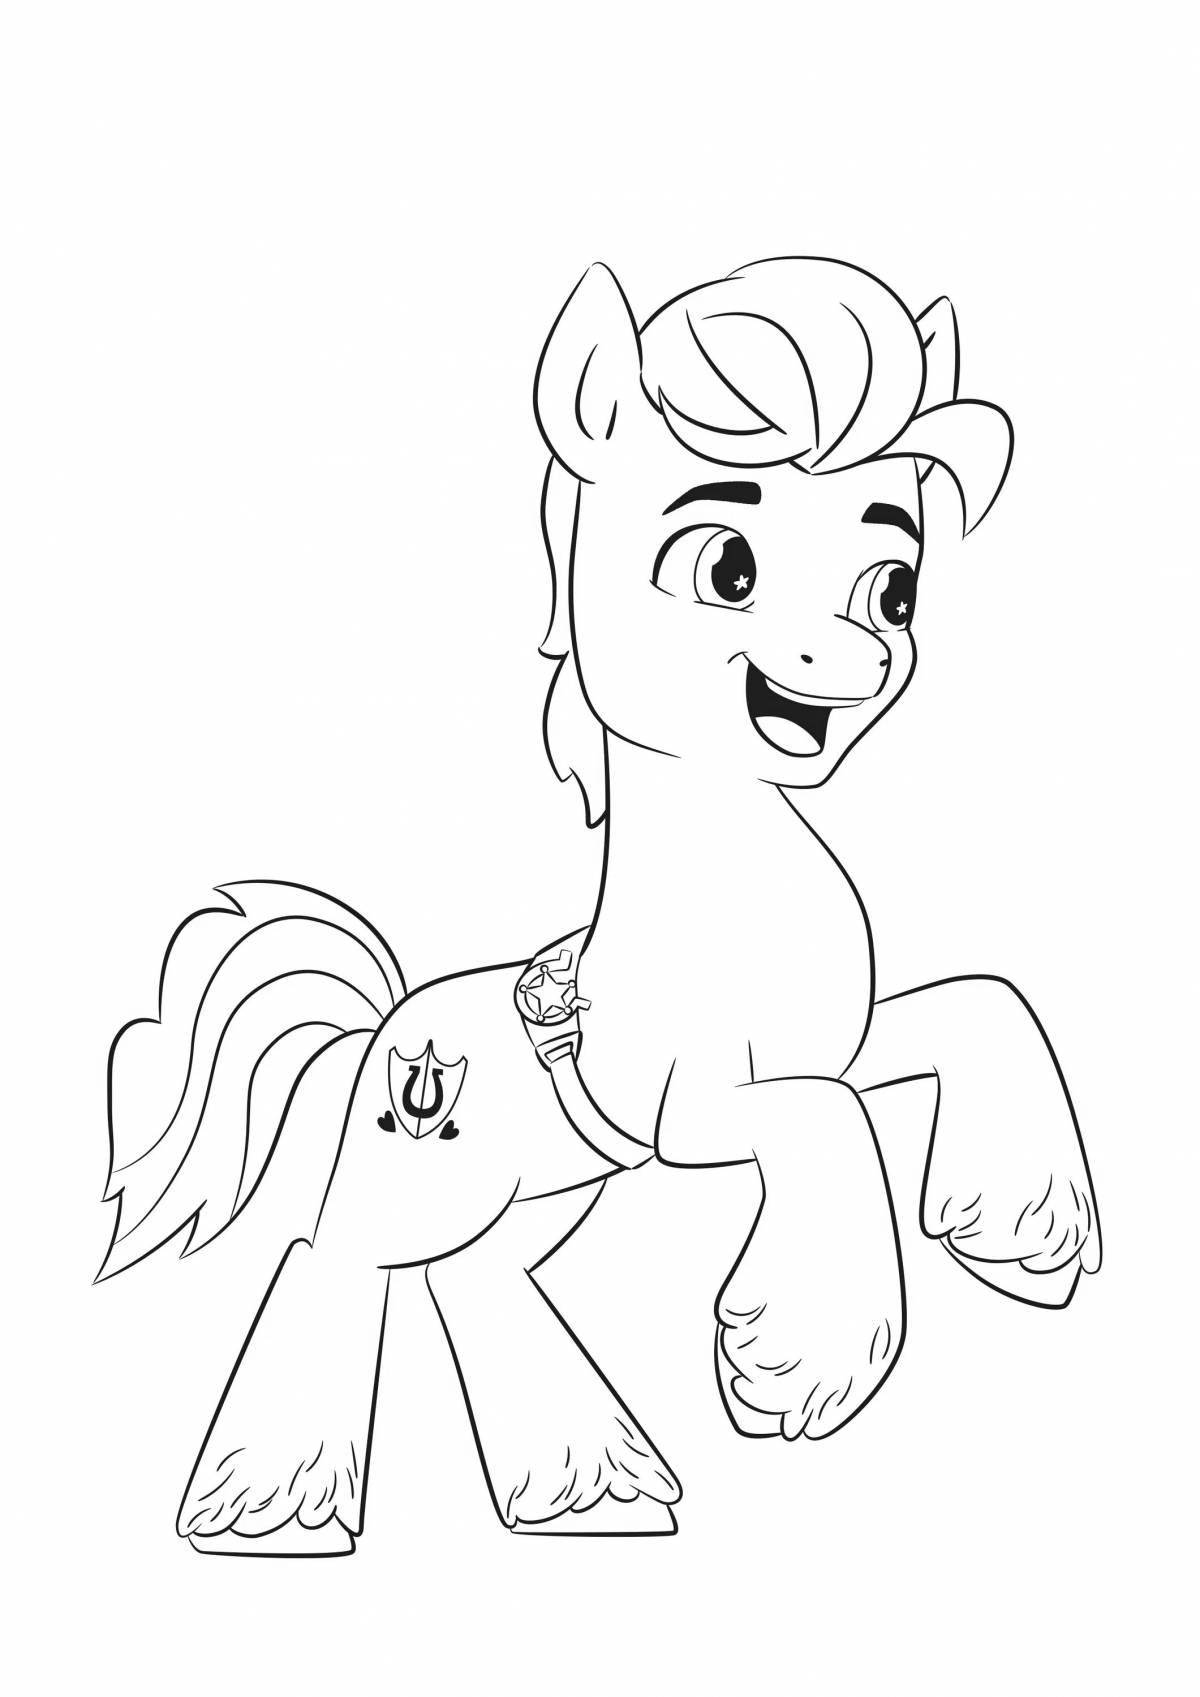 Amazing little pony next generation coloring book
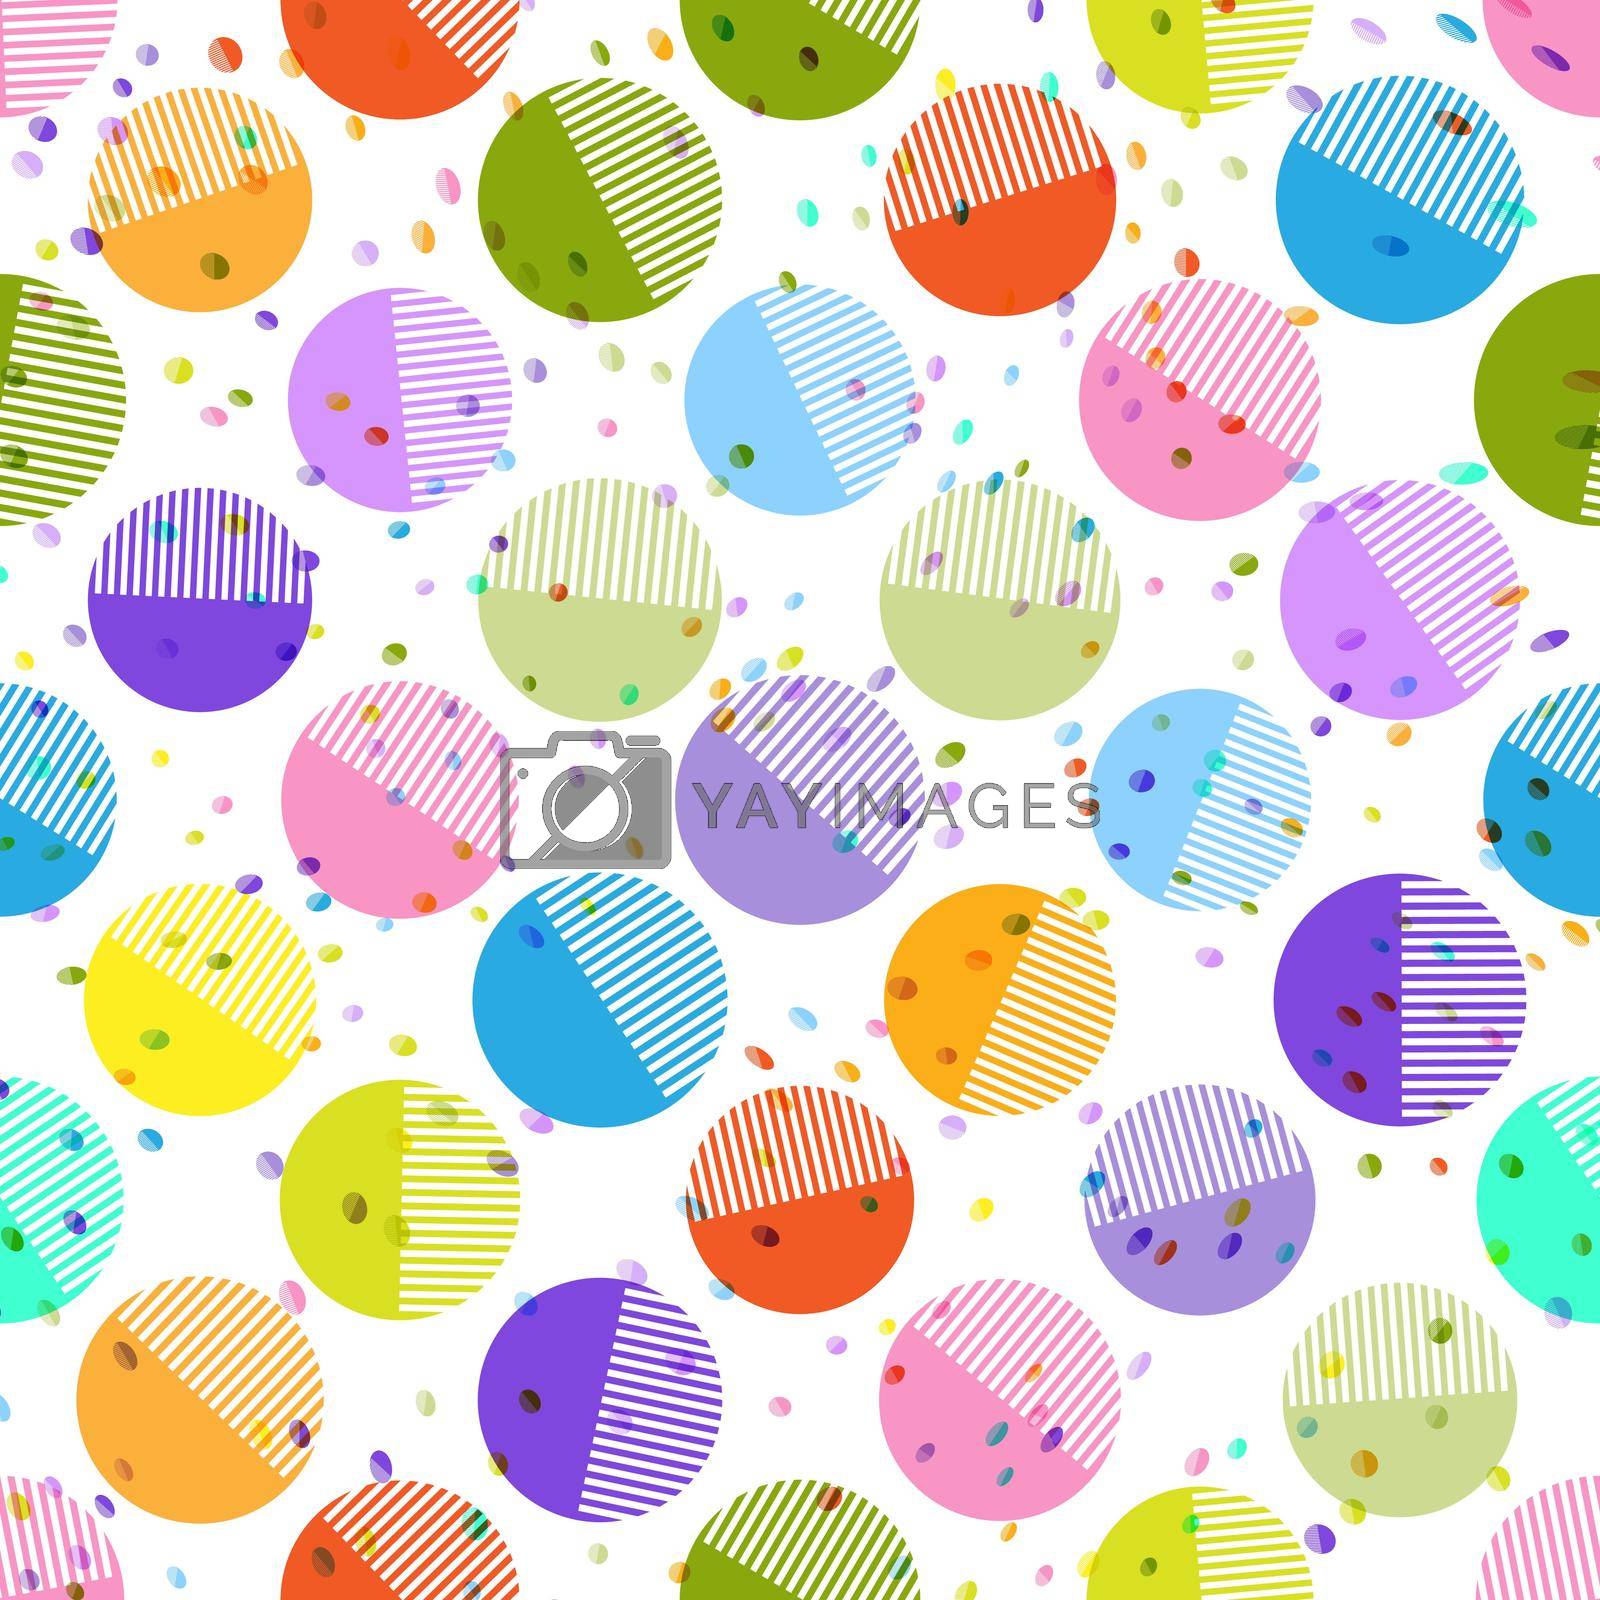 Royalty free image of Seamless geometric pattern with circles for texture, textiles, and simple backgrounds by Grommik
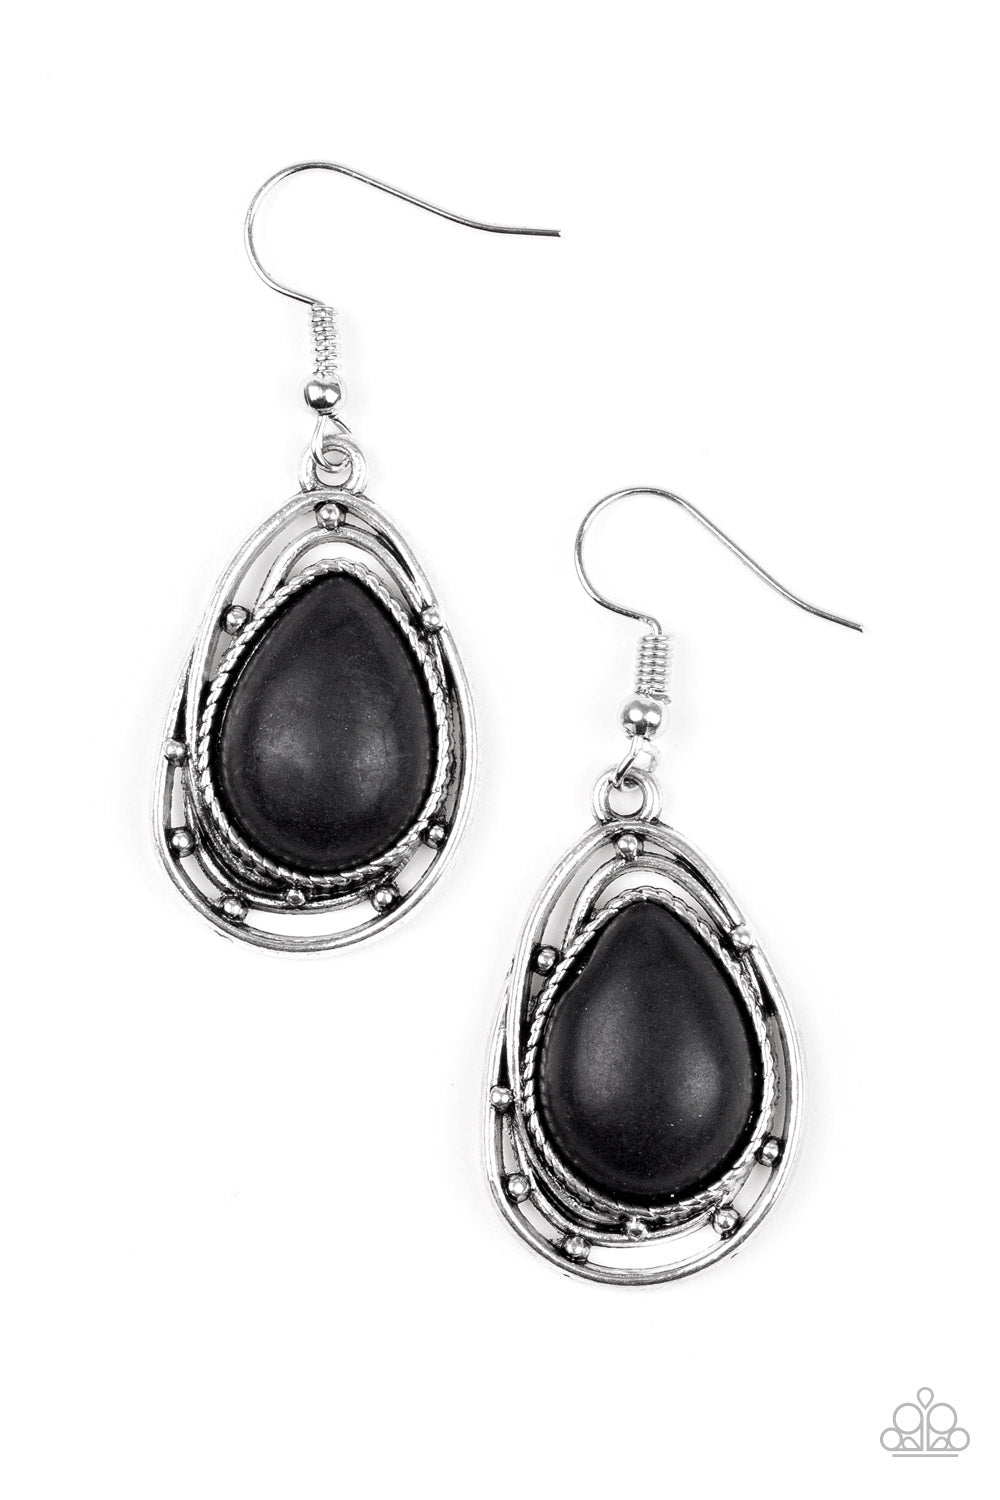 ABSTRACT ANTHROPOLOGY - BLACK POLISHED STONE TEARDROP EARRINGS
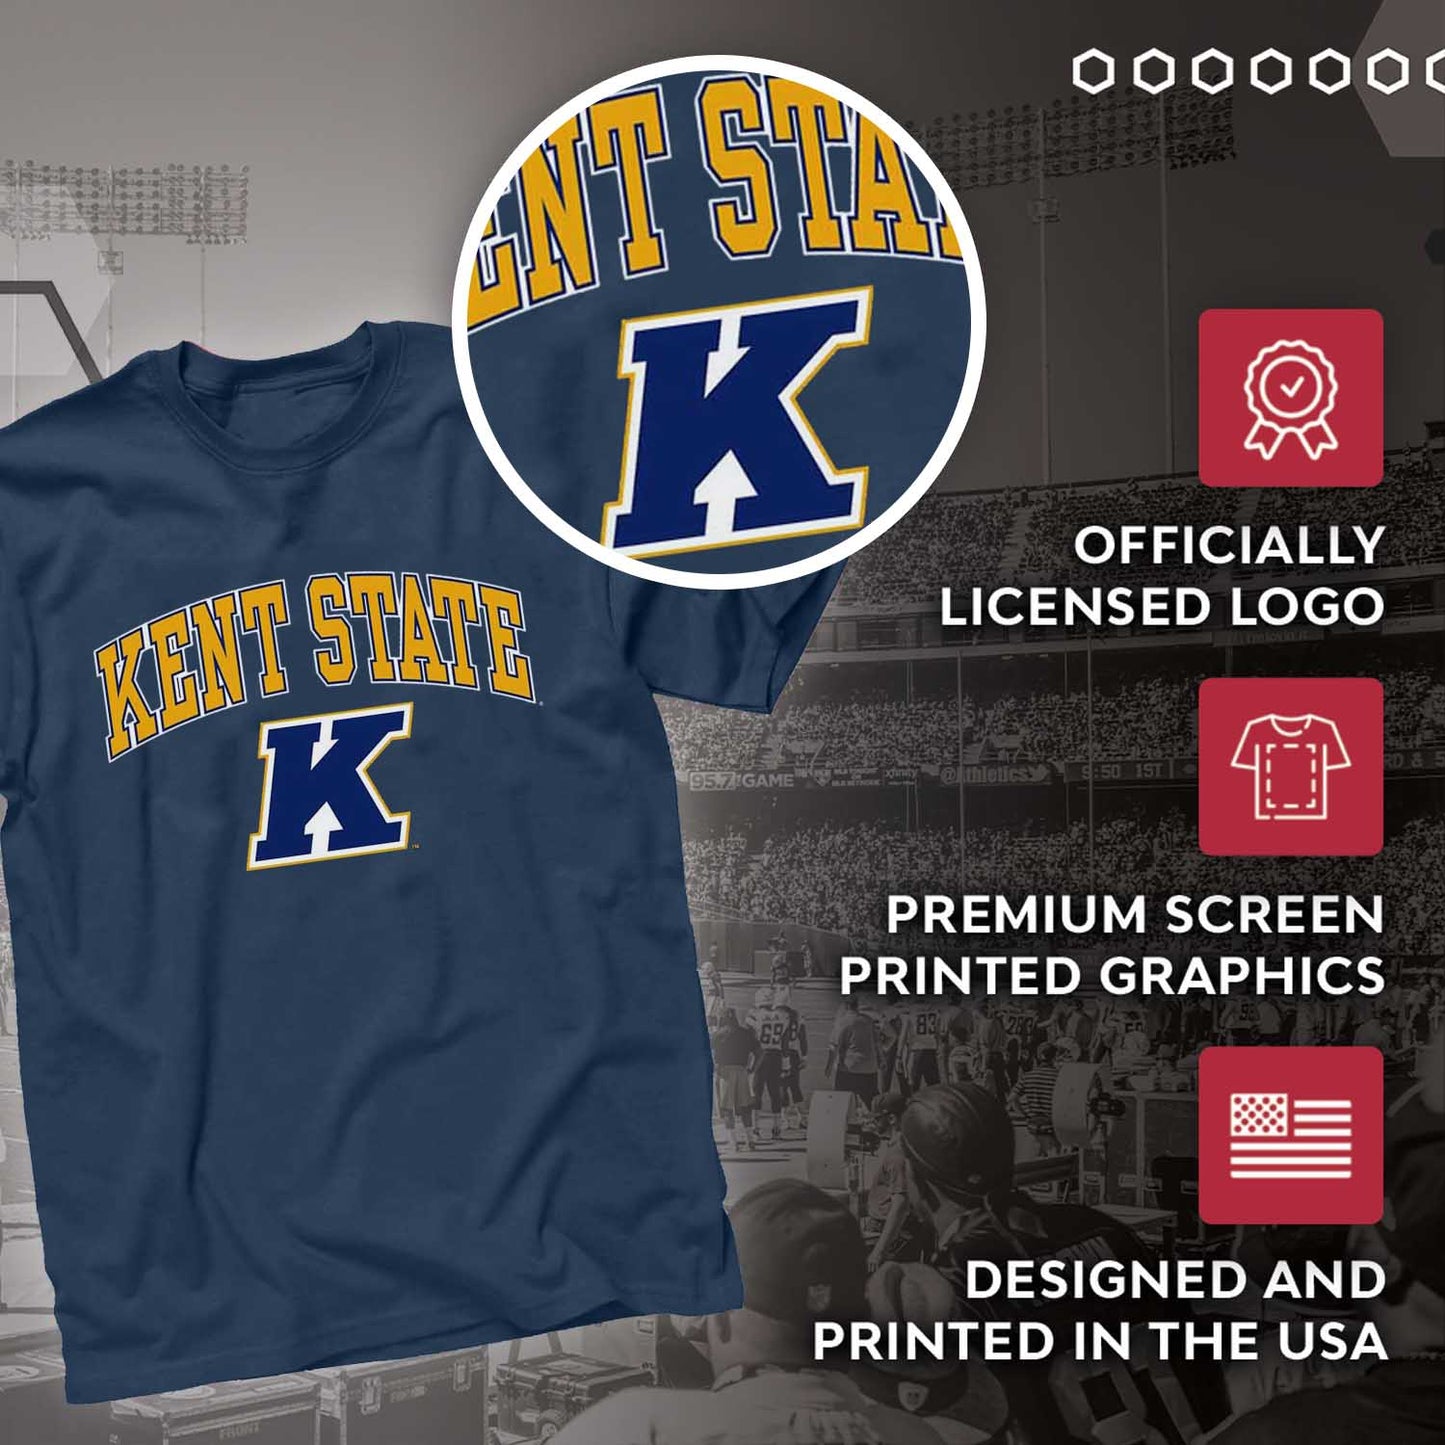 Kent State Golden Flashes NCAA Adult Gameday Cotton T-Shirt - Navy

§ EXERCISE GOAL:
Quote the material word for word, dropping any images it holds.

§ FINISHED TASK:
 Amazing little pony next generation coloring book
 Royalty free image of Seamless geometric pattern with circles for texture, textiles, and simple backgrounds by Grommik
 ABSTRACT ANTHROPOLOGY - BLACK POLISHED STONE TEARDROP EARRINGS
 Kent State Golden Flashes NCAA Adult Gameday Cotton T-Shirt - Navy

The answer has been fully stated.